## Exercise description
Using only the entries below, copy exactly the lines that begin at the one with "Louis-Vuitton-Bedding-Set - lv-13, Louis" and end at the one with "Brixford Vases Black", both included. Drop the pictures.

## Task input
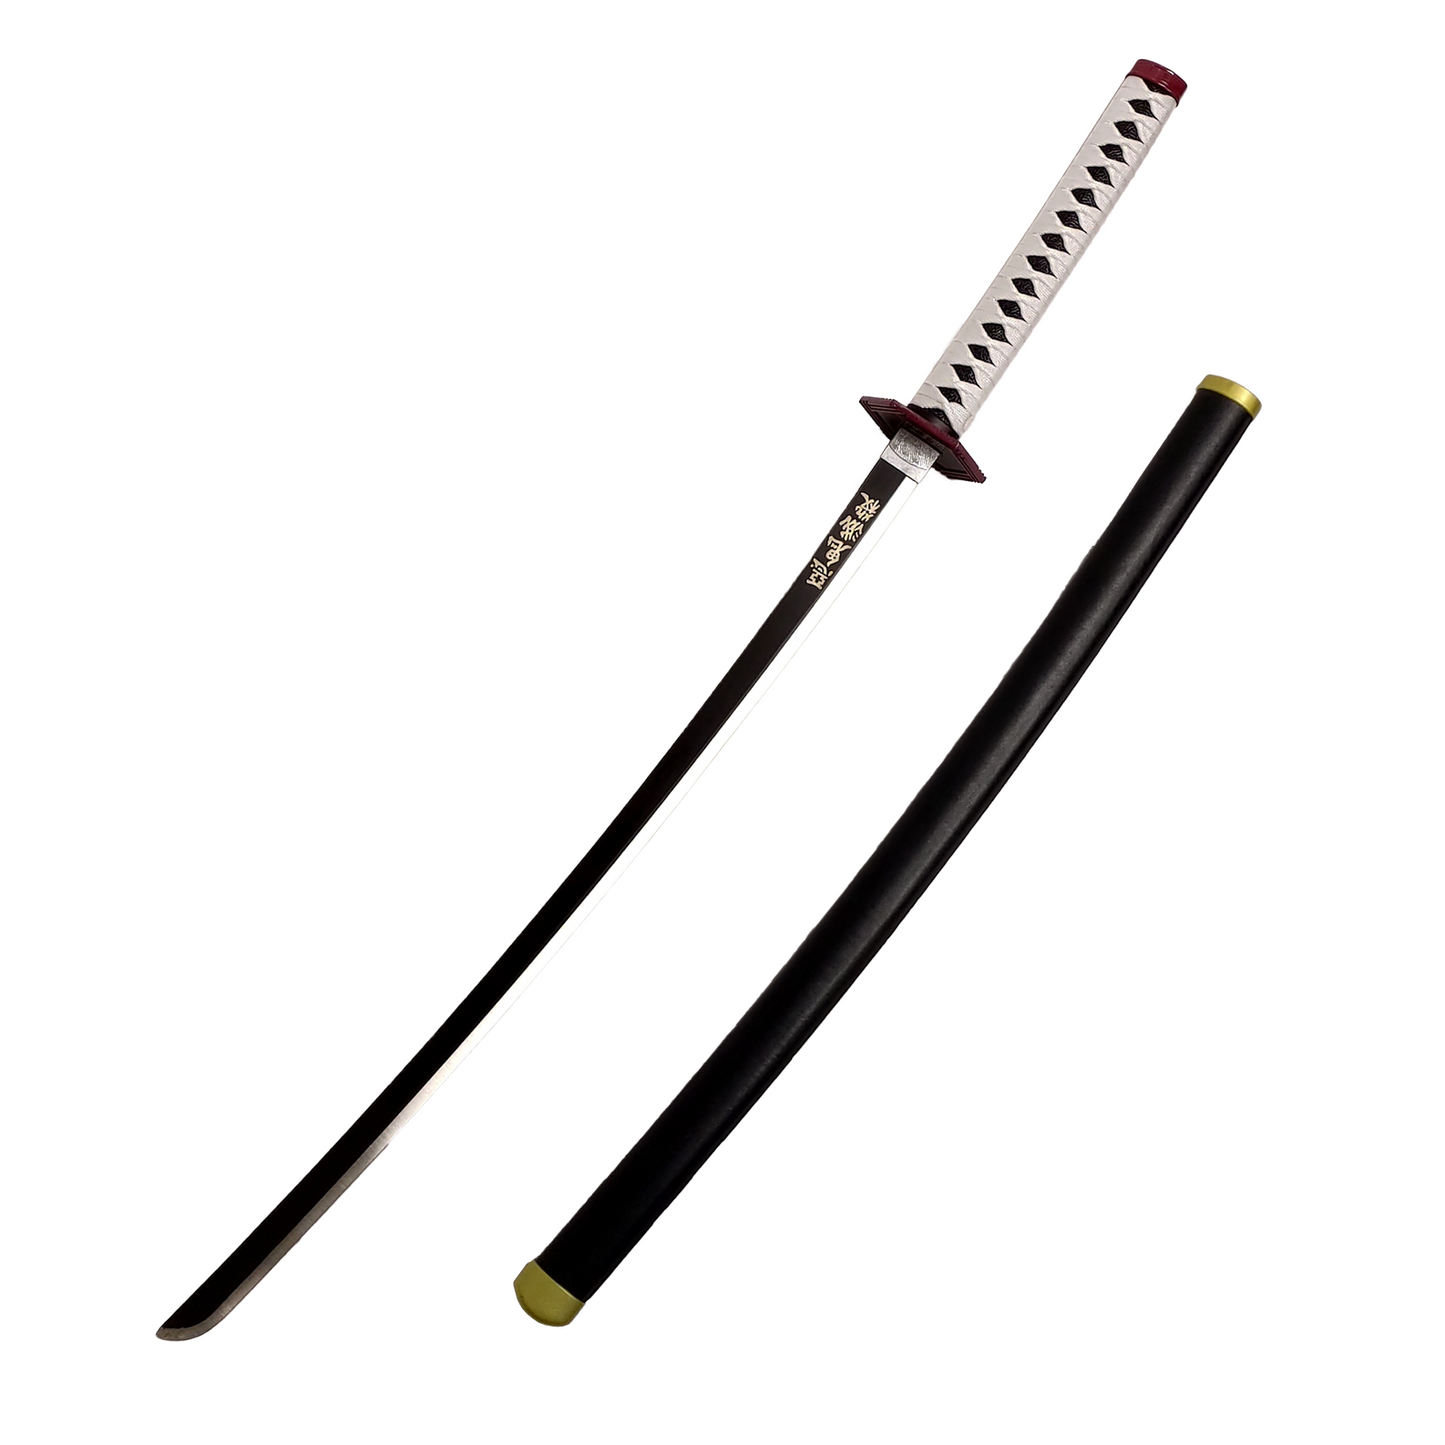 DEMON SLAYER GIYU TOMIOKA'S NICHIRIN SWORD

* * *

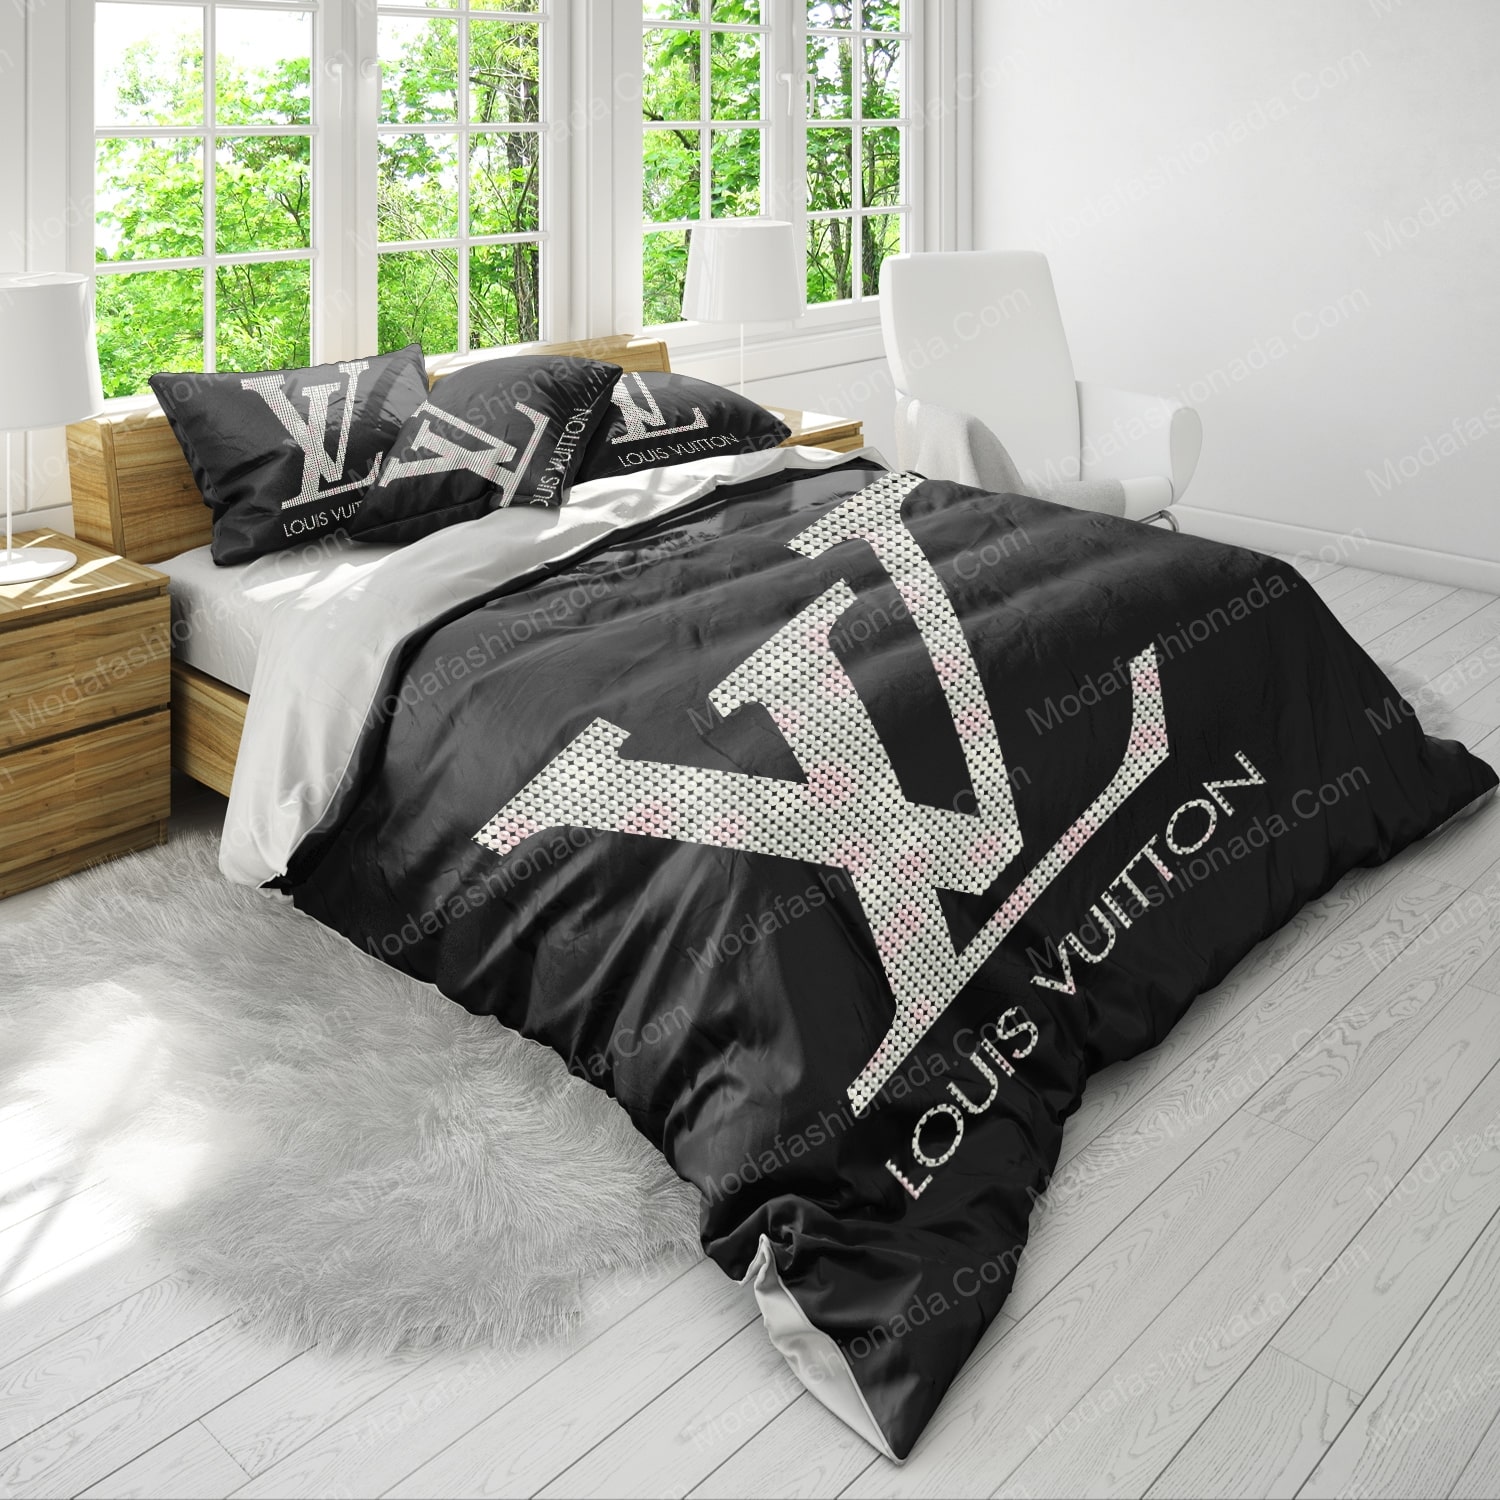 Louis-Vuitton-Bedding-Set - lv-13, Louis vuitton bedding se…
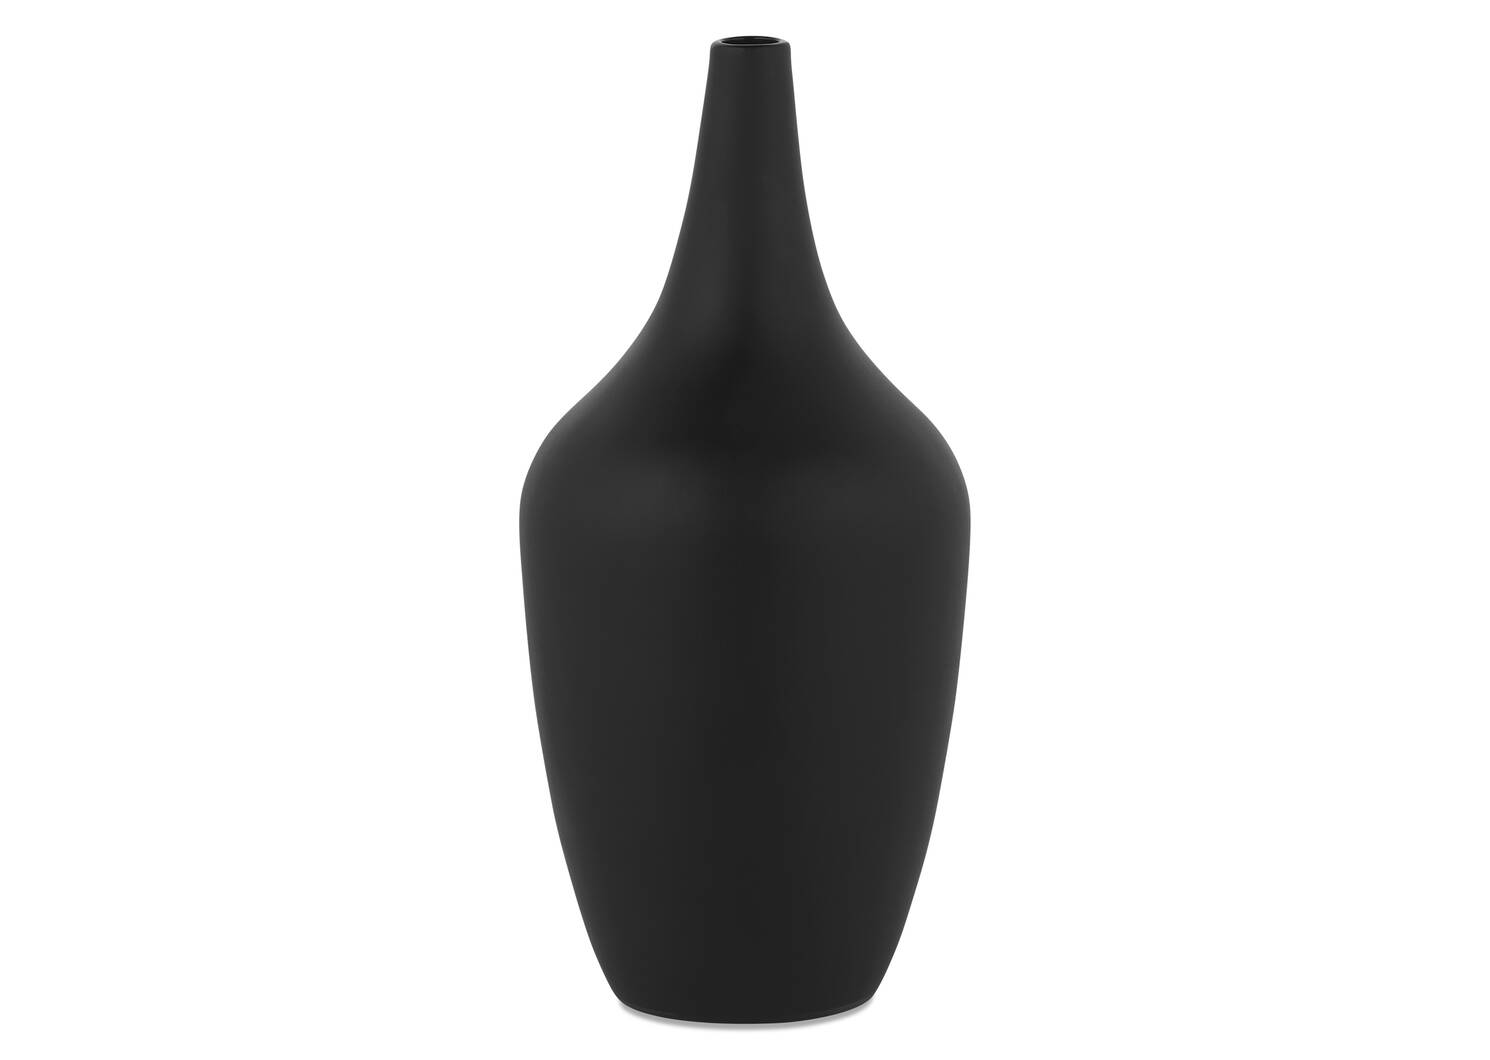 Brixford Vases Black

## Response area
 Louis-Vuitton-Bedding-Set - lv-13, Louis vuitton bedding se…
 Brixford Vases Black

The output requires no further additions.